* **Data section**
..............................
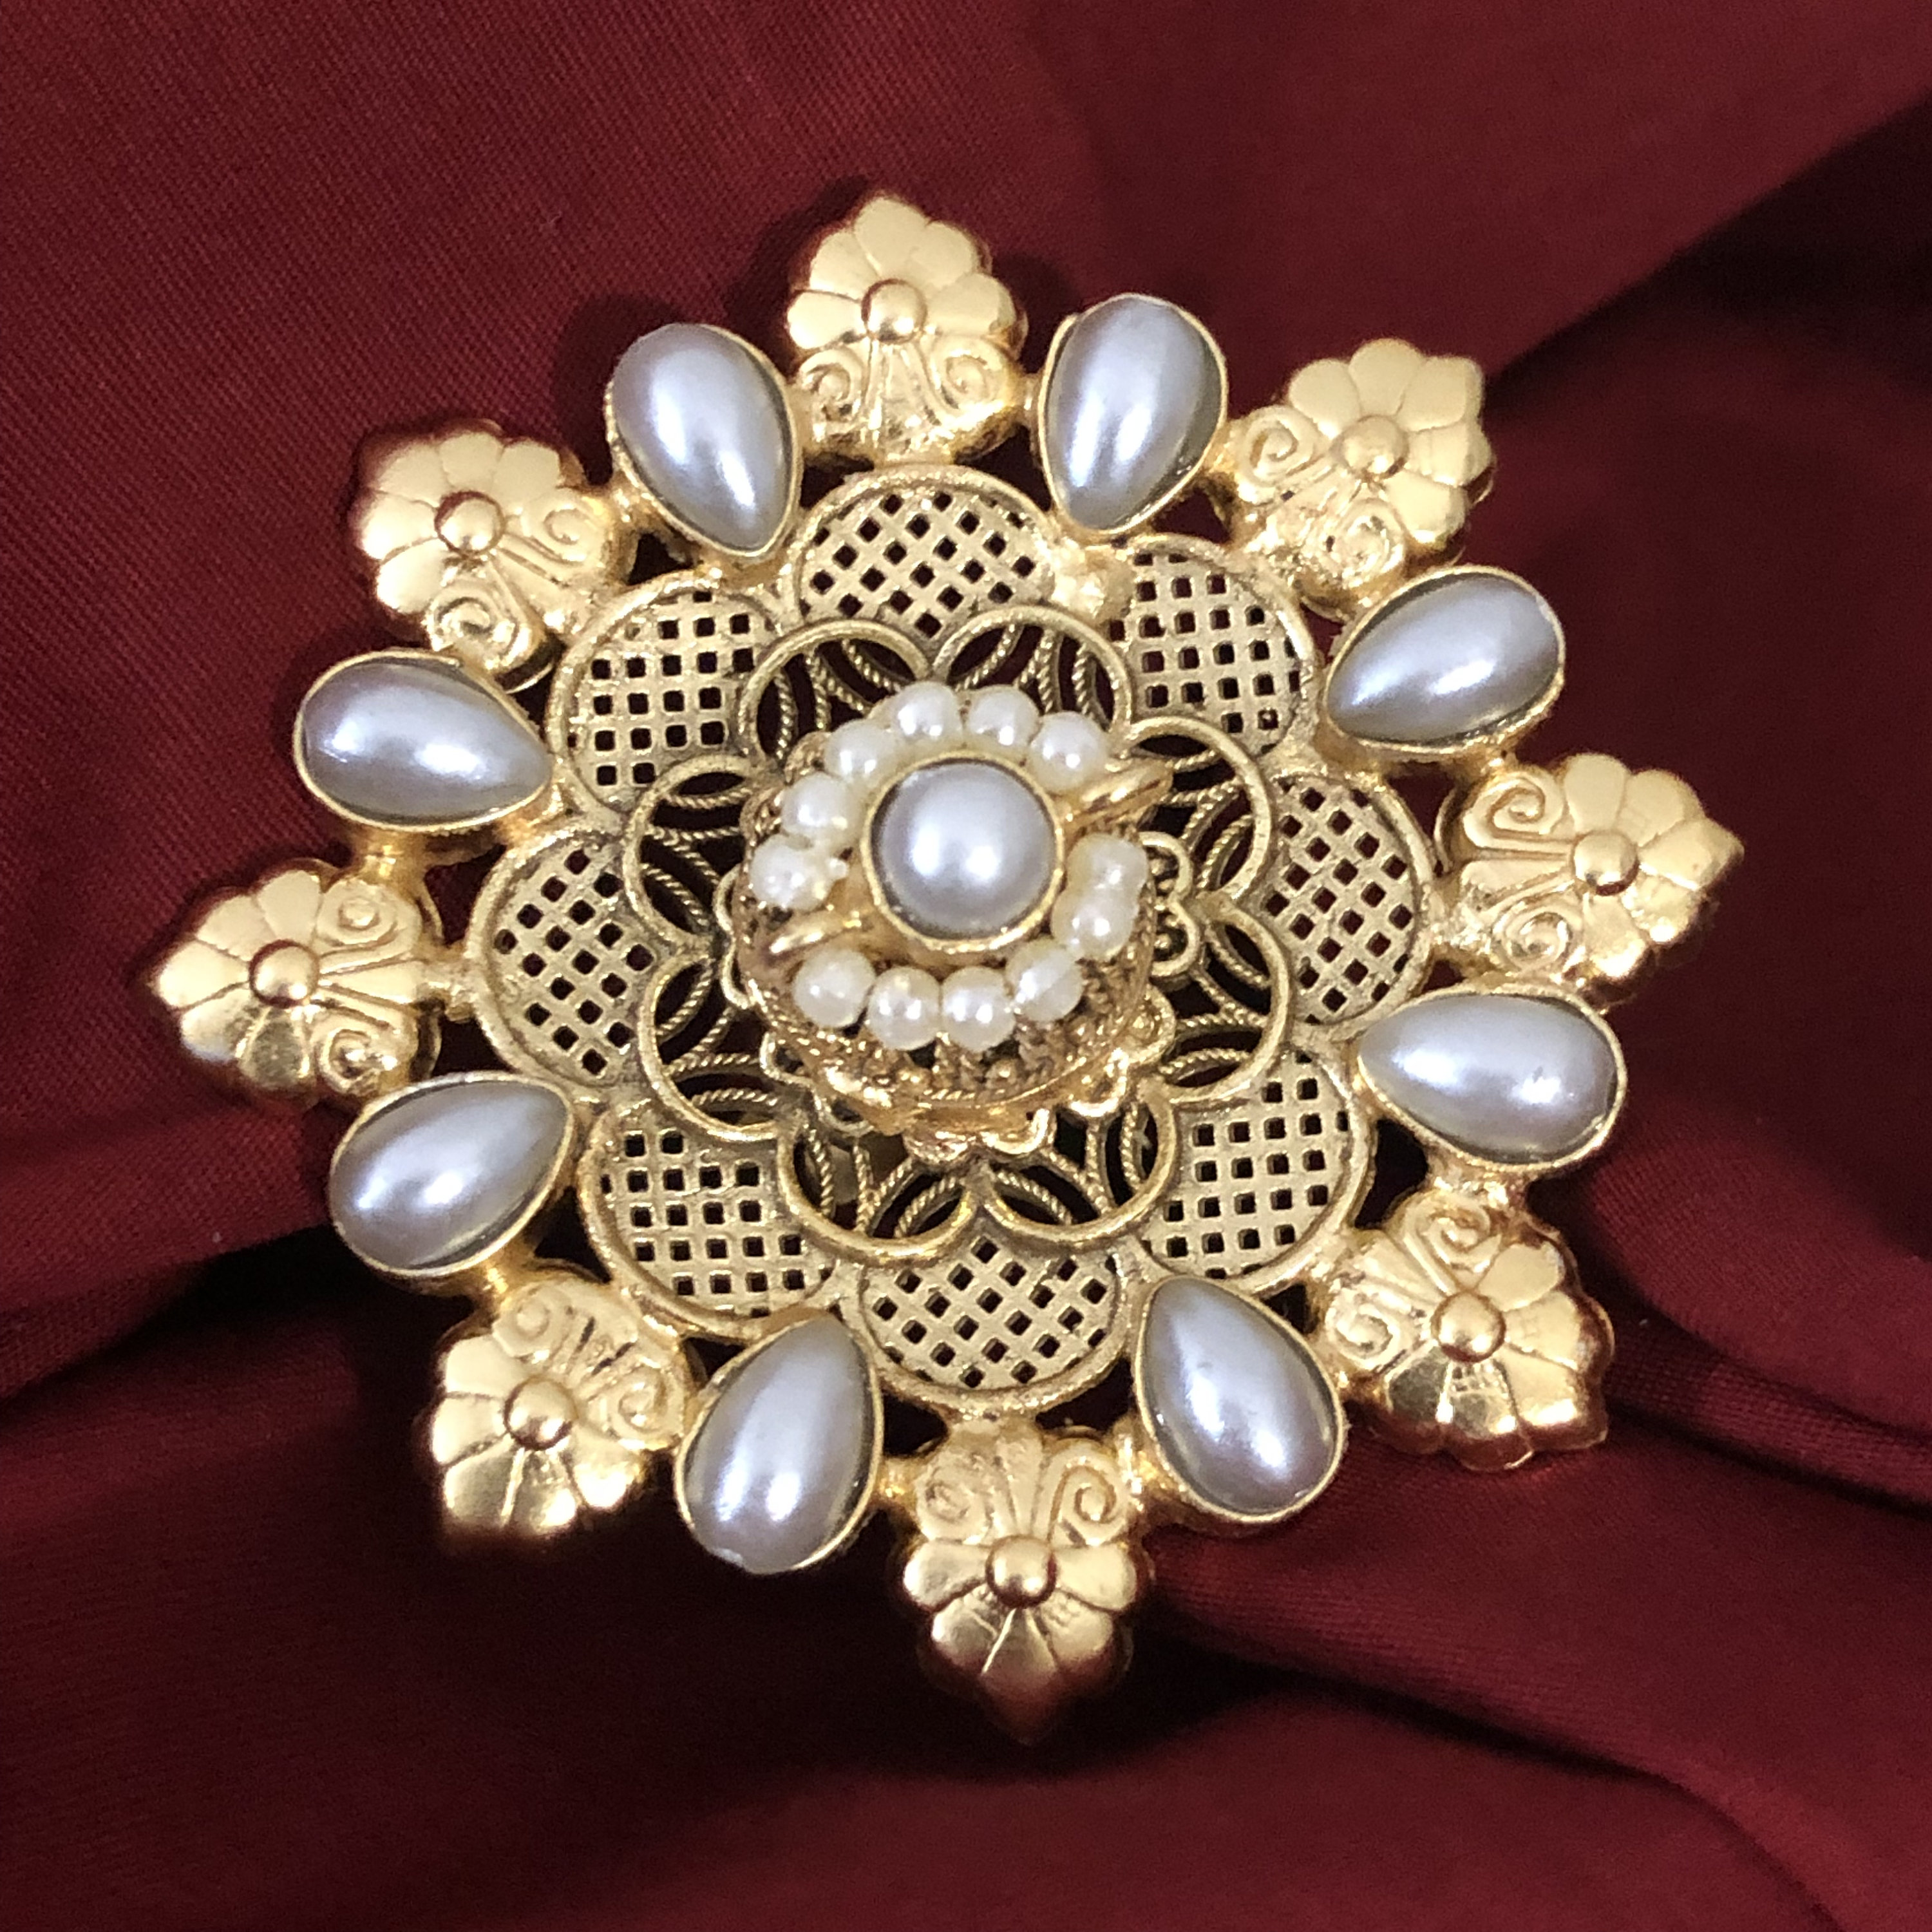 Boho Antique Gold Fashion Crystal Vintage Ring – Rings Universe
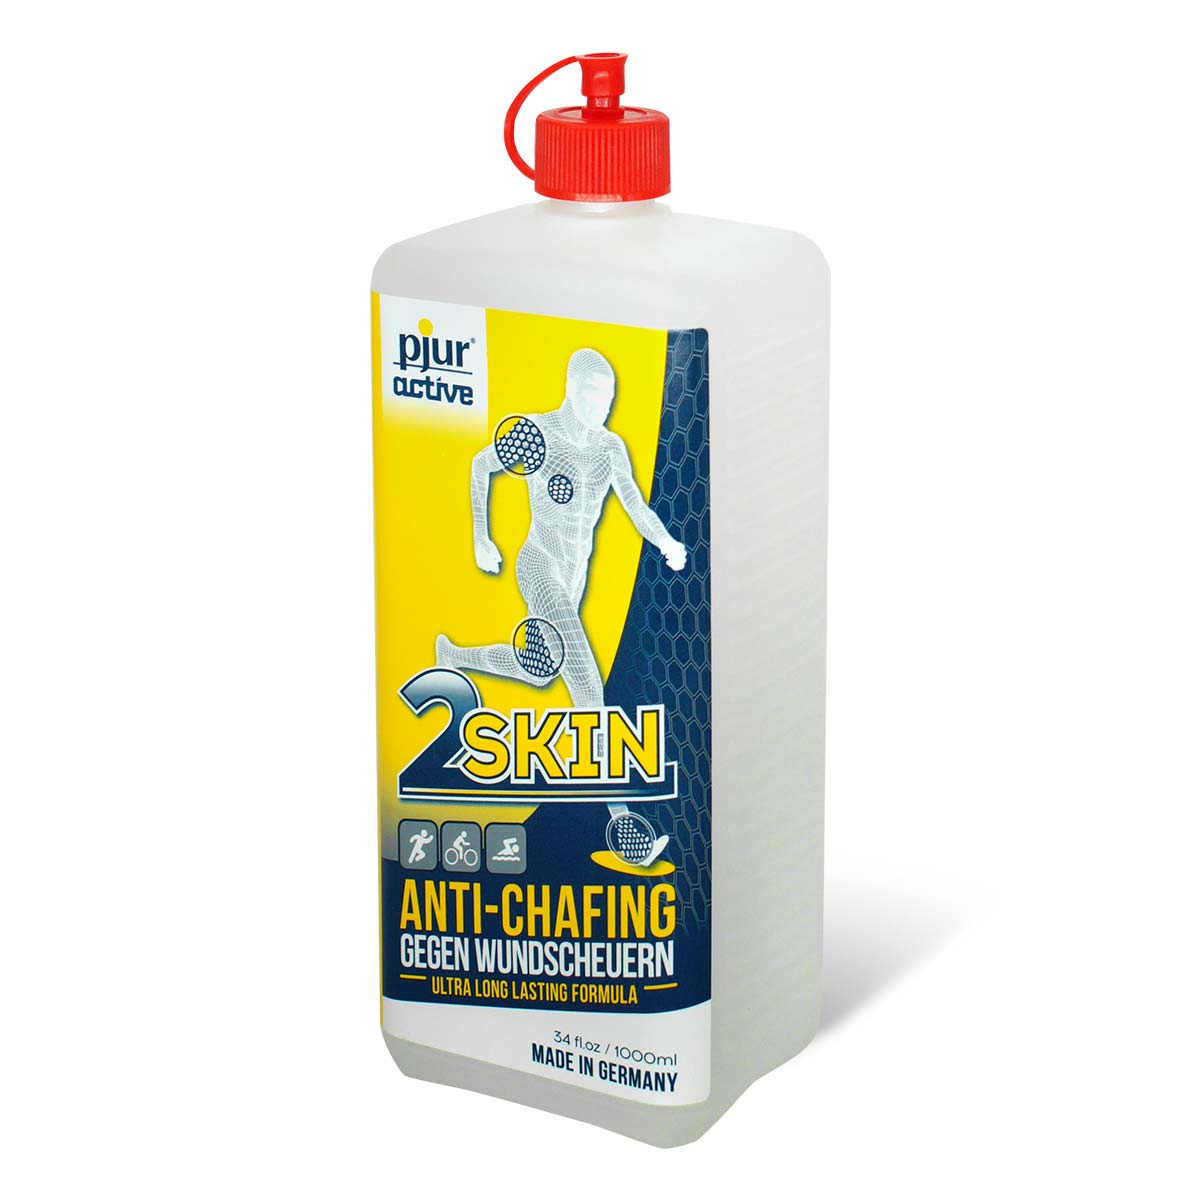 pjuractive 2skin ANTI-CHAFING GEL - 1000ml refill bottle - International Edition-p_1
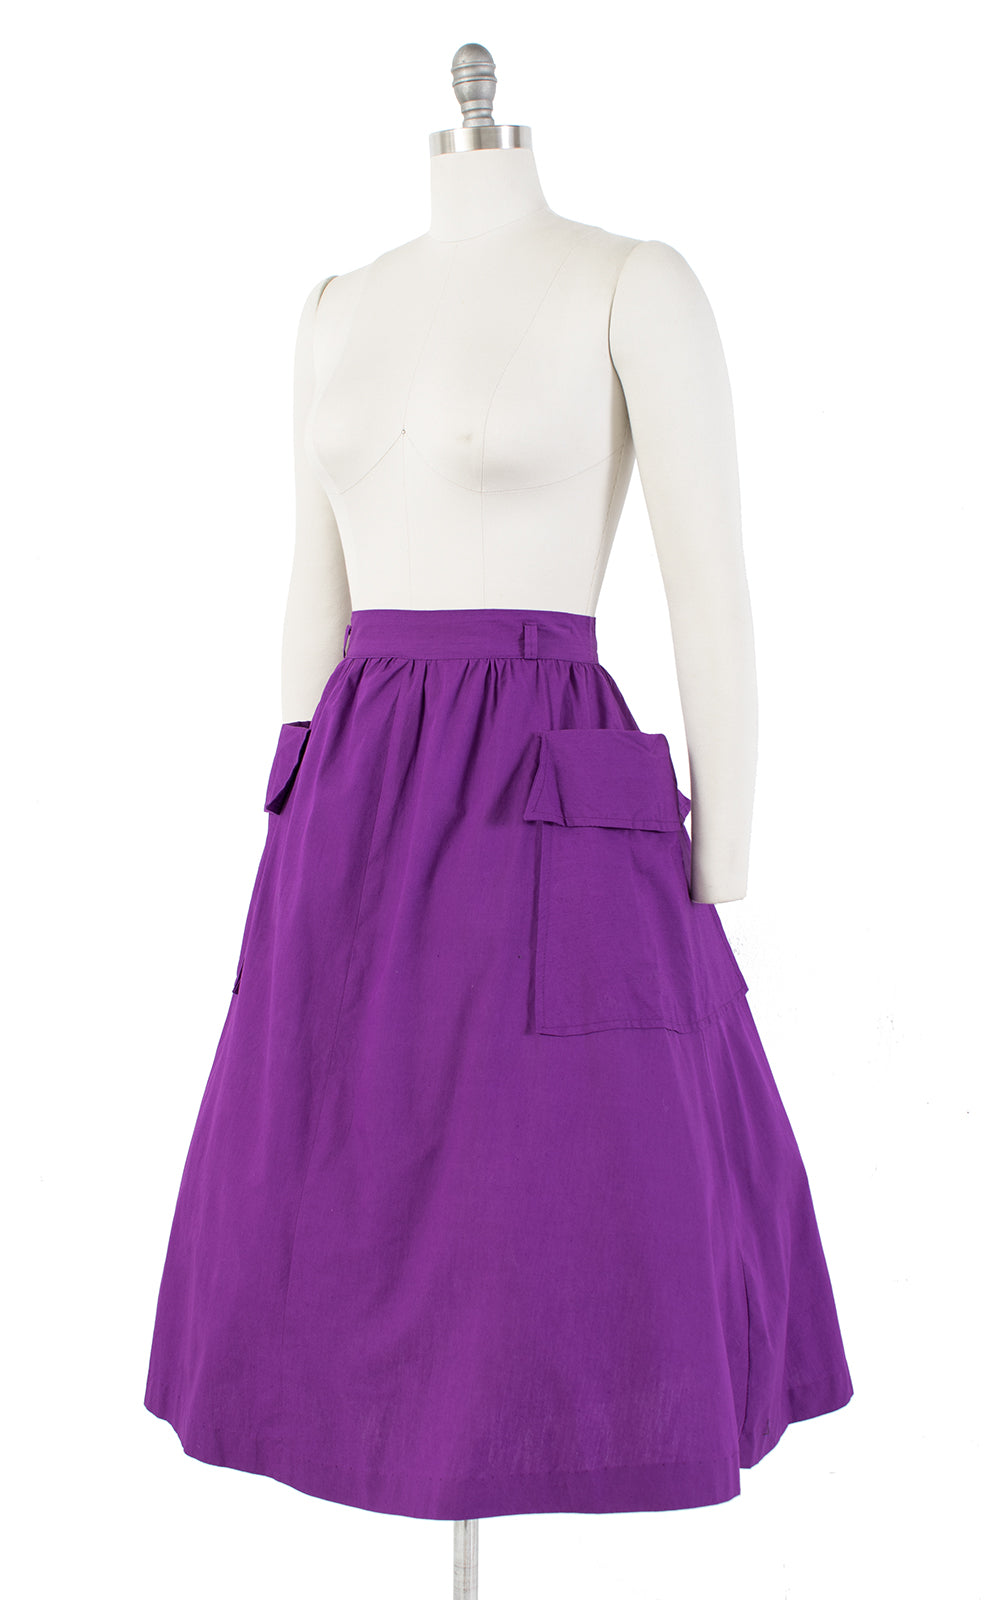 1950s Royal Purple Cotton Full Skirt with Big Pockets | medium
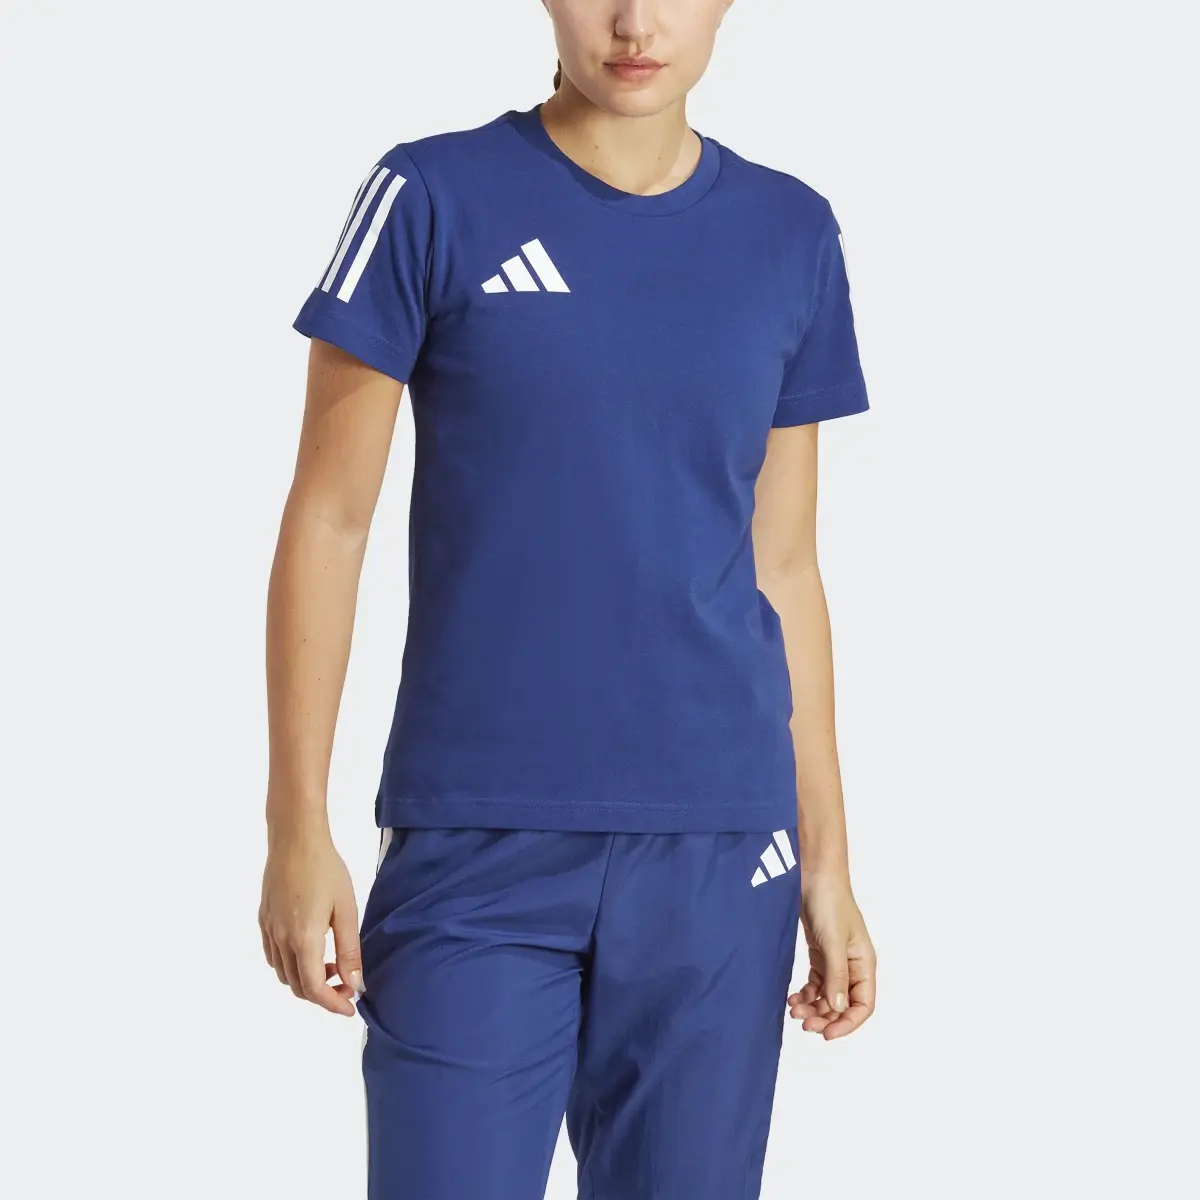 Adidas France Cotton Graphic T-Shirt. 1
..............................
* **What you have to do**
Each line of the data needs to be output exactly, with any image excluded.

* **Answer space**
 Boho Antique Gold Fashion Crystal Vintage Ring – Rings Universe
 pjuractive 2skin ANTI-CHAFING GEL - 1000ml refill bottle - International Edition-p_1
 1950s Royal Purple Cotton Full Skirt with Big Pockets | medium
 Adidas France Cotton Graphic T-Shirt. 1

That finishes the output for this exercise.